Appiano Alessandrino delle Gverre de’Romani, cosi esterne, come civili. Tradotte da M. Alessandro Braccio Secretario Fiorentino. Nuouamente ristampato & tutto ricorretto, & di copiose tauole migliorato. Con l’Istoria della Gverra Illirica, & di quella contra Annibale, del medesimo Autore nuouamente ritrouata in lingua Greca, & tradotta in Italiano dal S. Girolamo Rvscelli. Venetia: M. D. LXVII, appresso Domenico, & Gio Battista Guerra, fratelli. [1567.]
PA3873 .A3 1567
Sm. 8vo. 2 parts in 1. 296 leaves (208 and 88); the last leaf of the first part has the Register, woodcut Phoenix device and the colophon, and is followed by the second title, with imprint dated 1567 (colophon dated 1566); separate pagination; printed in italic letter throughout.
Graesse I, page 270.
Argelati, page 74.
Bound in calf for Jefferson by J. March, marbled end papers, with Jefferson’s original shelf-mark C.1. / 31 [Chapter I. no. 31] in ink, on a slip pasted down on the title-page. Initialled by Jefferson at sigs. I and T. With the Library of Congress 1815 bookplate.

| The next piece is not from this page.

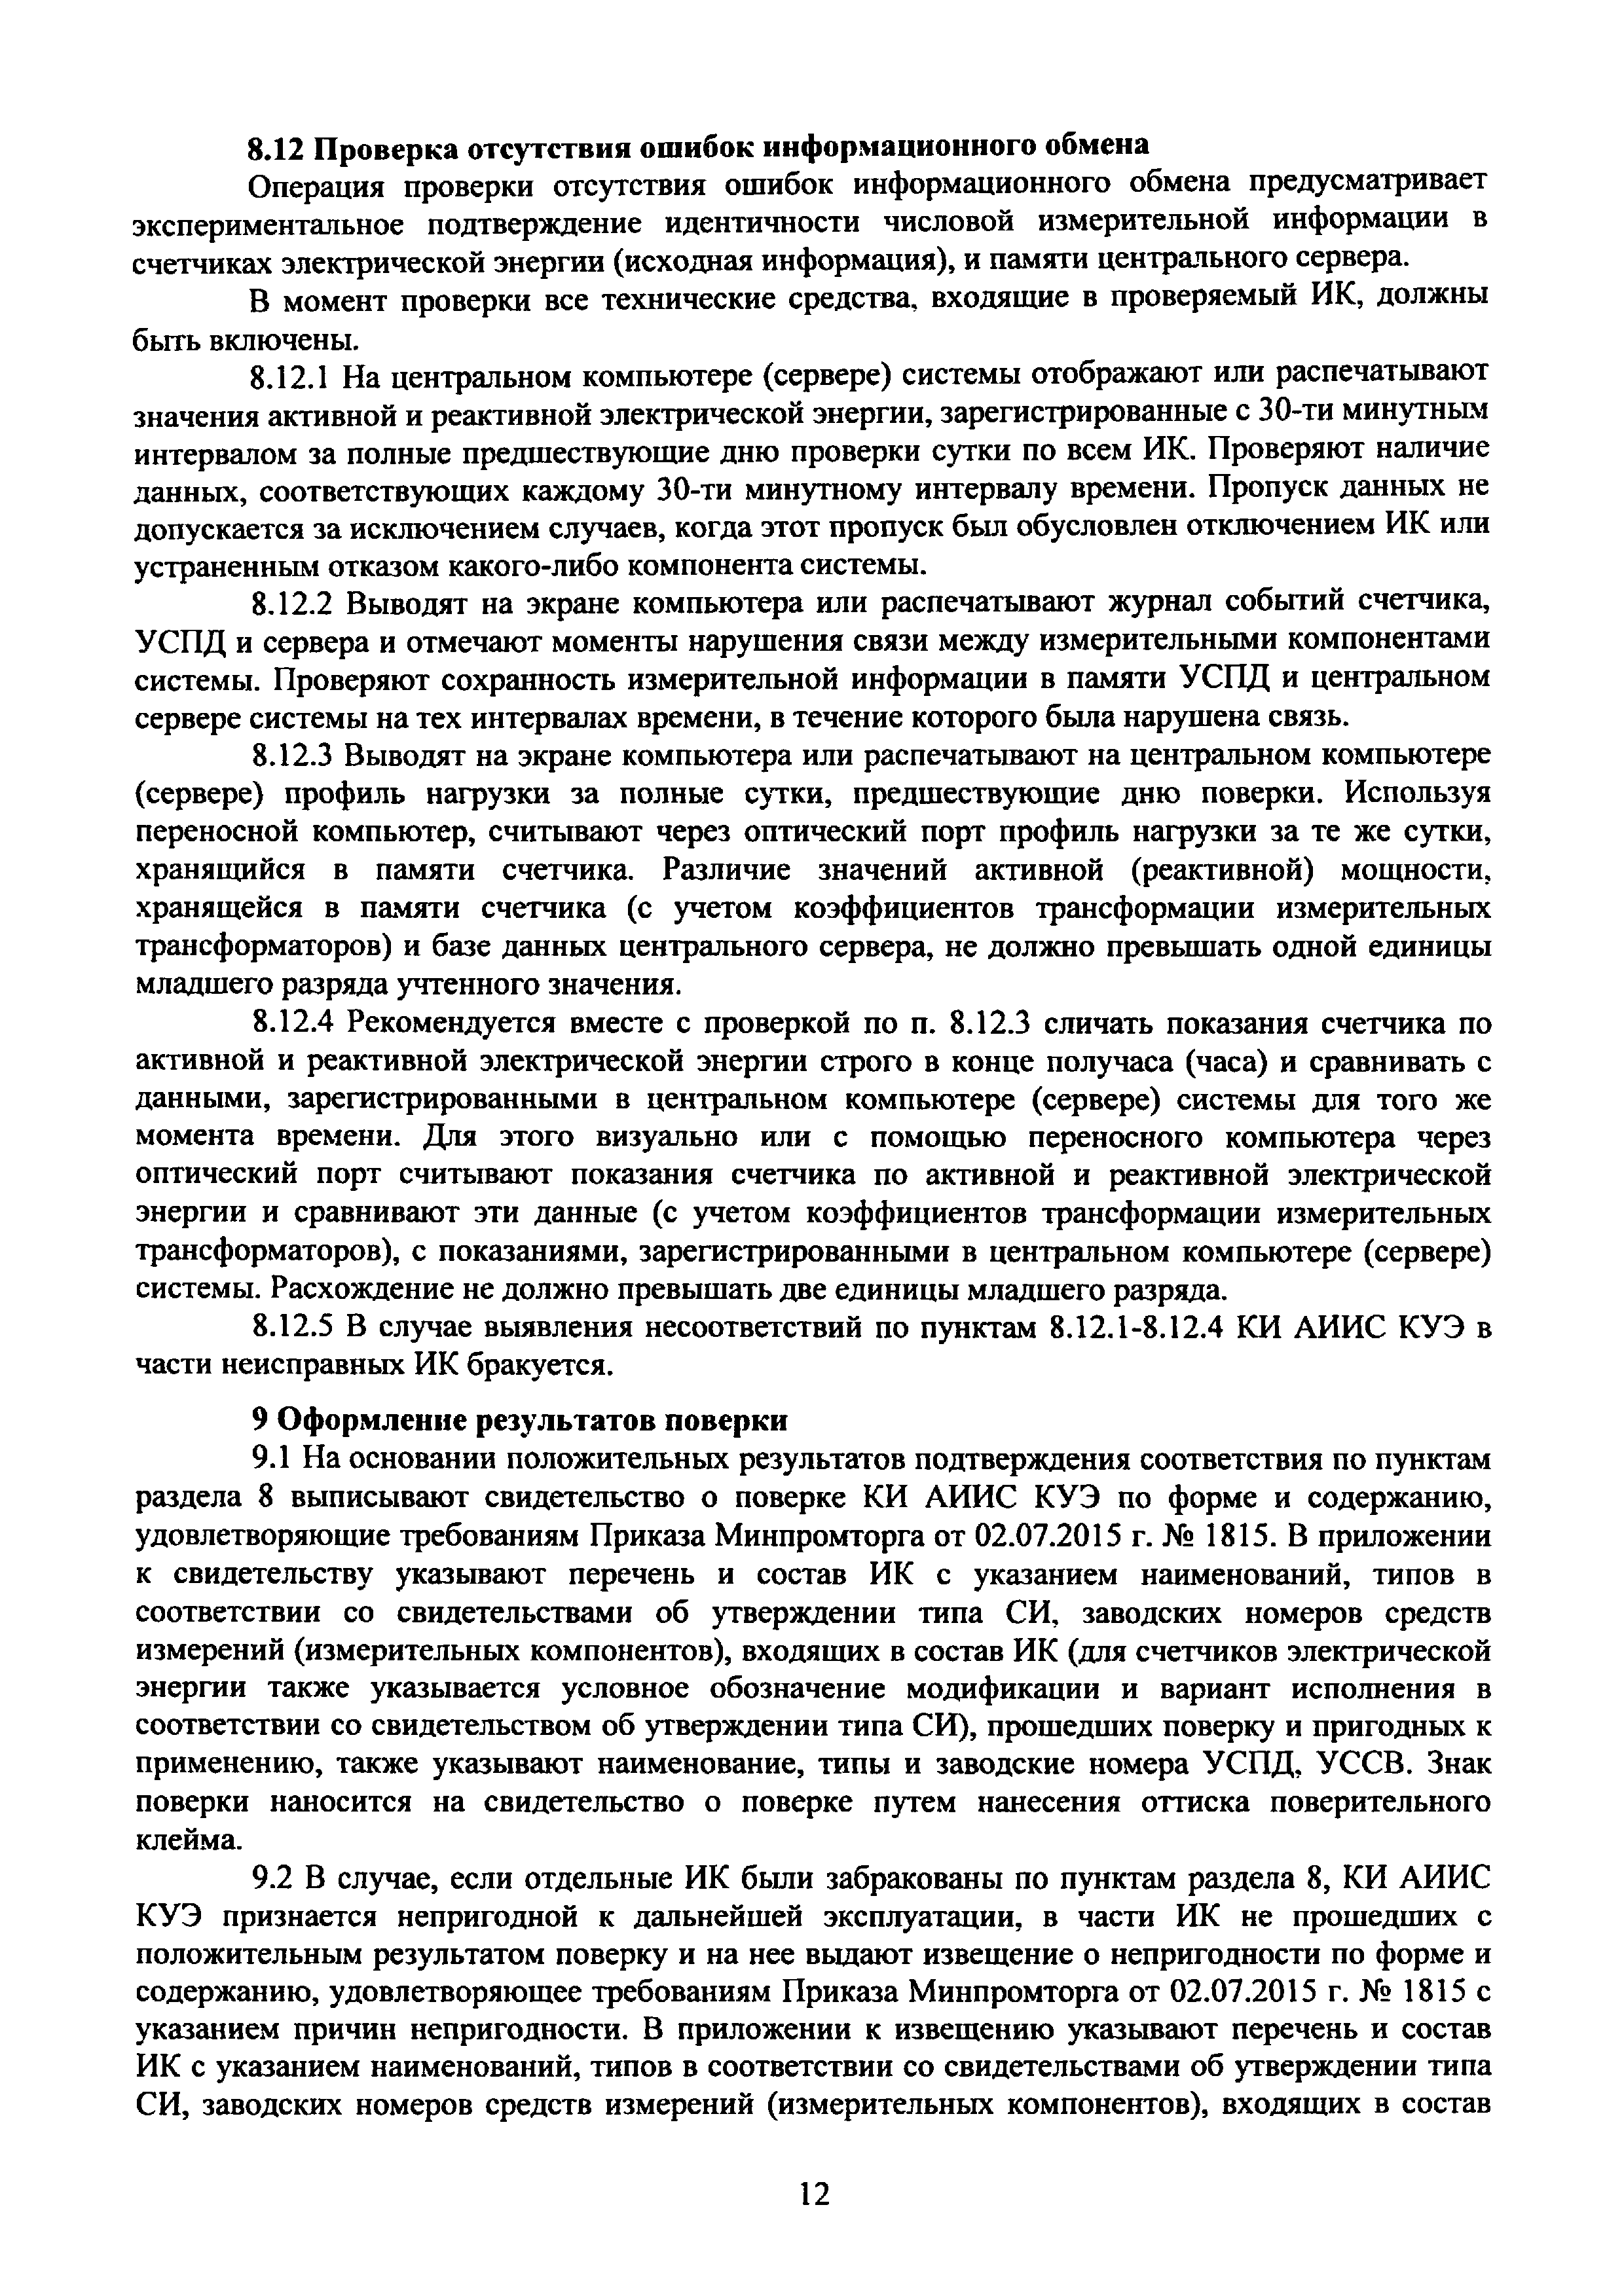 МП КЦСМ-186-2019

Ordered by Jefferson while in Holland, on March 23, 1788, from Van Damme, no. 282 in his catalogue. It is listed without the price on Jefferson’s undated manuscript catalogue.

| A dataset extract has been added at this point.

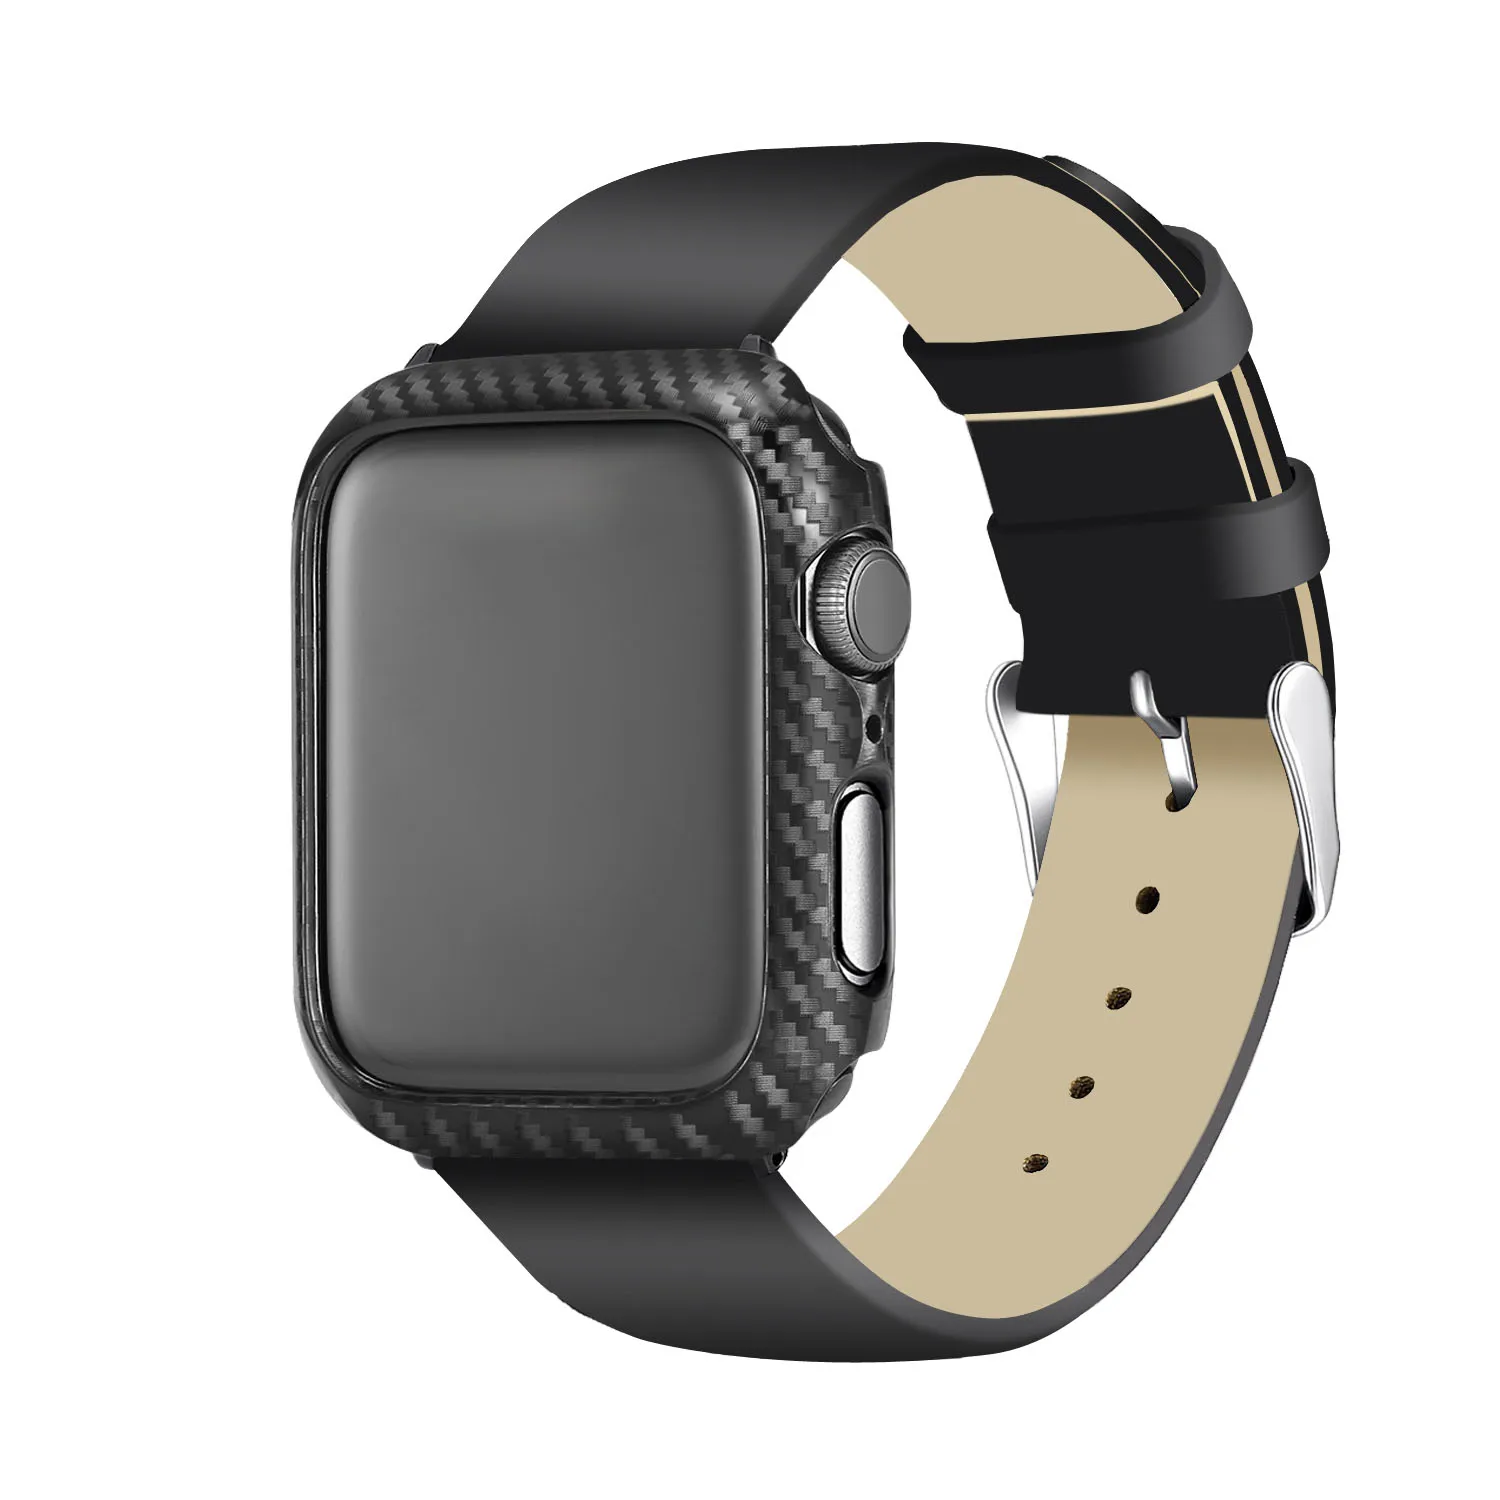 Ультра тонкий чехол из углеродного волокна для Apple Watch 44 мм 40 мм защитная рамка для iWatch серии 5 4 3 2 1 42 мм 38 мм бампер крышка

Alessandro Braccio, d. 1503, a Florentine, was Secretary to the Republic of Florence. The first edition of his translation of Appianus, made from the Latin version of Candido, appeared in 1563.

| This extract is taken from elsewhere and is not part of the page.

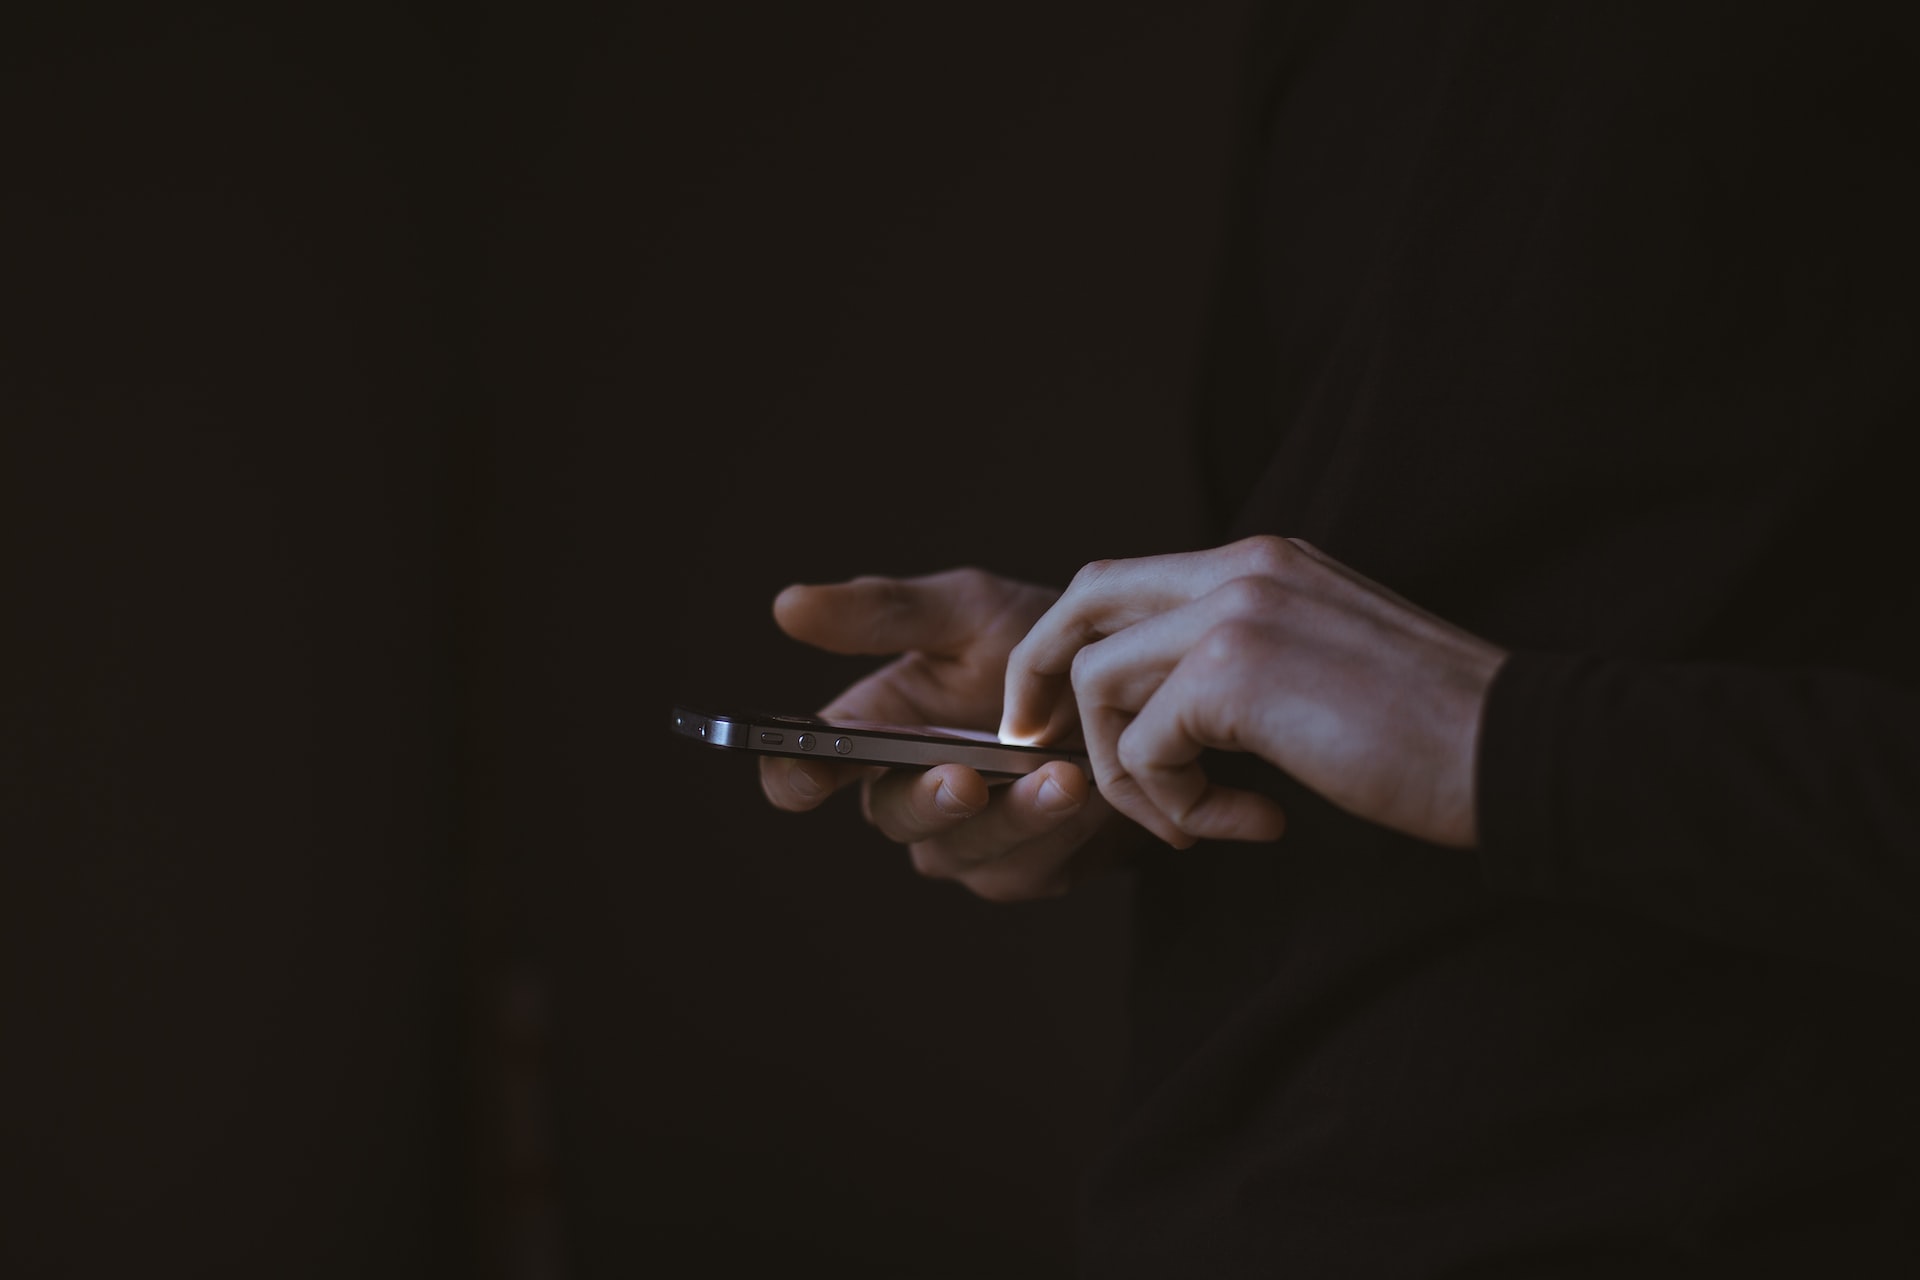 Två händer håller en smartphone i mörkret

Girolamo Ruscelli, d. 1566, Italian man of letters.
[79]
J.80
Tacitus Gronovii. not. var. Amstel. Elzevir 1672. & Eng. by Gordon. 9 v. 8 vo.
1815 Catalogue, page 7. no. 83, as above with Cronovii.
TACITUS, Cornelius.
C. Cornelii Taciti Opera, quæ exstant . . . Joh. Fred. Gronovius recensuit, & suas notas passim adjecit . . . Amstelodami: apud Danielem Elsevirium, 1672, 3.-- The Works of Tacitus. In Four Volumes. To which are prefixed, Political Discourses upon that Author . . . The Second Edition, corrected. London: Printed for T. Woodward, and J. Peele, 1737
PA6705 .A2 1672
9 vol. 8vo. This set consists of the Elzevir edition (Willems 1479), 2 vol. and the second edition of the English version by Thomas Gordon, 4 vol., conflated by Jefferson and bound in 9 vol., tree and marbled calf, gilt backs, plain endpapers: Initialled by Jefferson at sigs. I and T wherever they occur, vol. 1-7, with the Library of Congress 1815 bookplate, vol. 8, rebound with a new bookplate, vol. 9, repaired and with the 1864 plate. This volume has the plates and maps folded to 8vo. size.
Vol. 2 has the stamp of R. D. Cooke, 18 Church Street, New York on the Library of Congress bookplate. The Elzevir edition has the autograph signature of Ludouicus Alexander Croiset in several places. Some of the volumes are scorched and water stained.
Jefferson bought a copy of Gordon’s Tacitus from Stockdale, price £ 1-4, in August, 1787, and a copy of Taciti cum notis variorum 4 vol. price 28 livres from Froullé in the same month.
On July 1, 1787 Jefferson wrote to Stockdale: “ . . . If you can procure for me a copy of all Tacitus’s works in Latin, in usum Delphini and in 8 vo. send them: and in that case send also from Lackington N o.